Begin at the line below that holds "An antique Arts" and end at the line that holds "Measures: 55.5", transcribing each line exactly and skipping any picture.

● Material for the task:
====

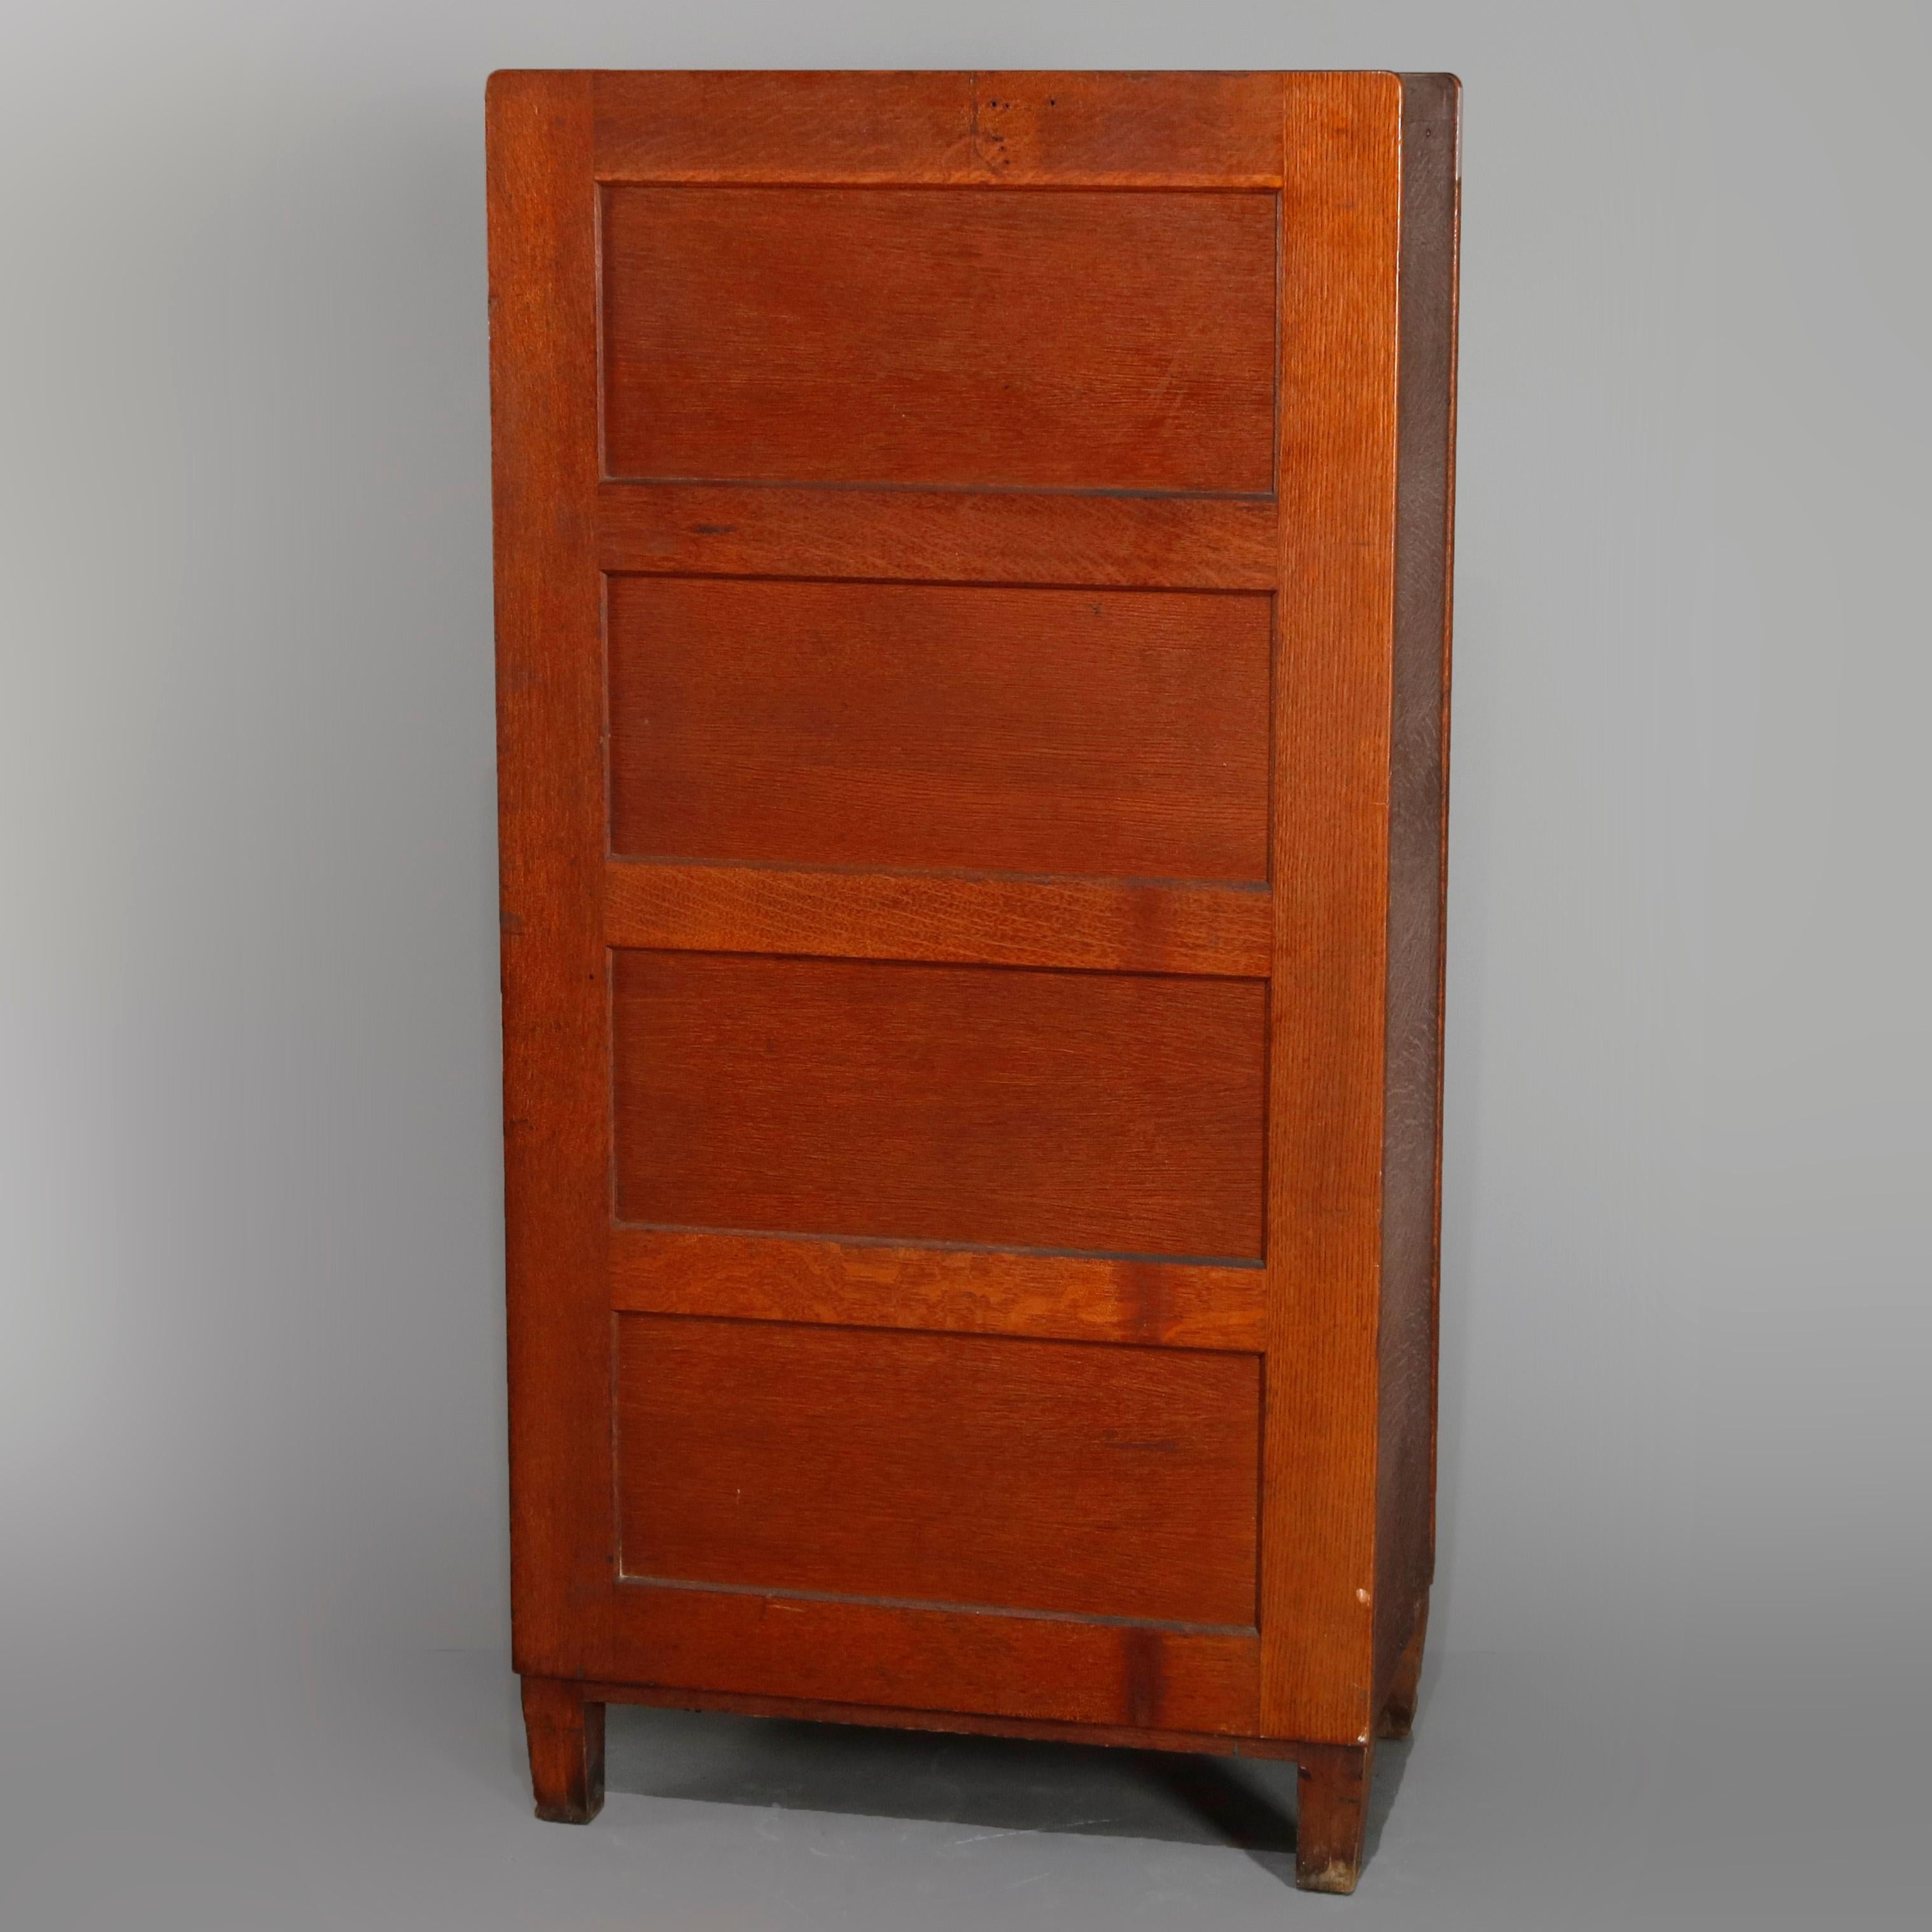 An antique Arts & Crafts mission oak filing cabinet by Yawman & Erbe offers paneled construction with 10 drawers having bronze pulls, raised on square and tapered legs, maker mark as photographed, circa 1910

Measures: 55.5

====

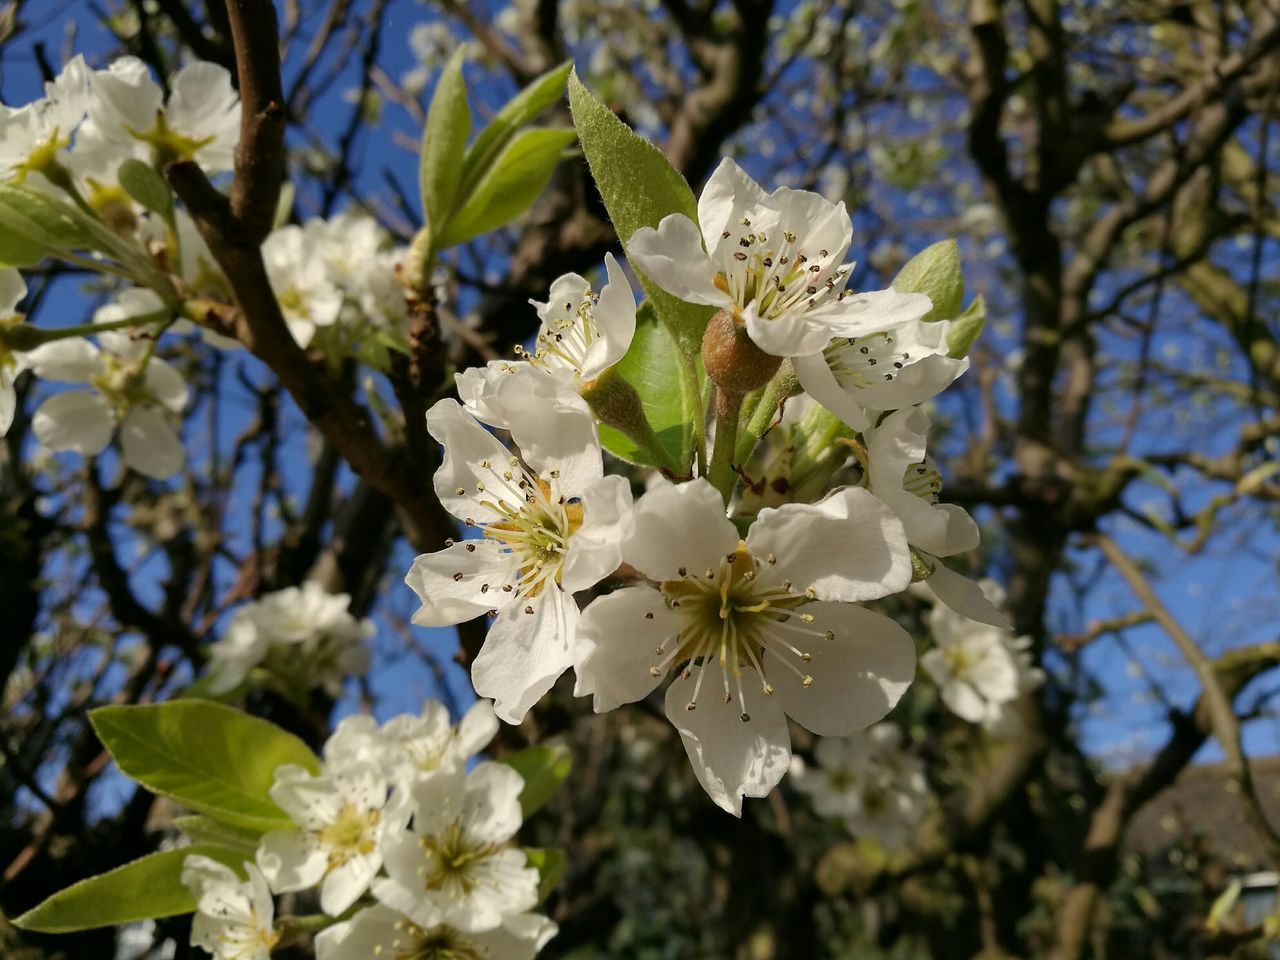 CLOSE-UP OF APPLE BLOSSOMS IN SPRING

====

● Output of the task:
 An antique Arts & Crafts mission oak filing cabinet by Yawman & Erbe offers paneled construction with 10 drawers having bronze pulls, raised on square and tapered legs, maker mark as photographed, circa 1910

Measures: 55.5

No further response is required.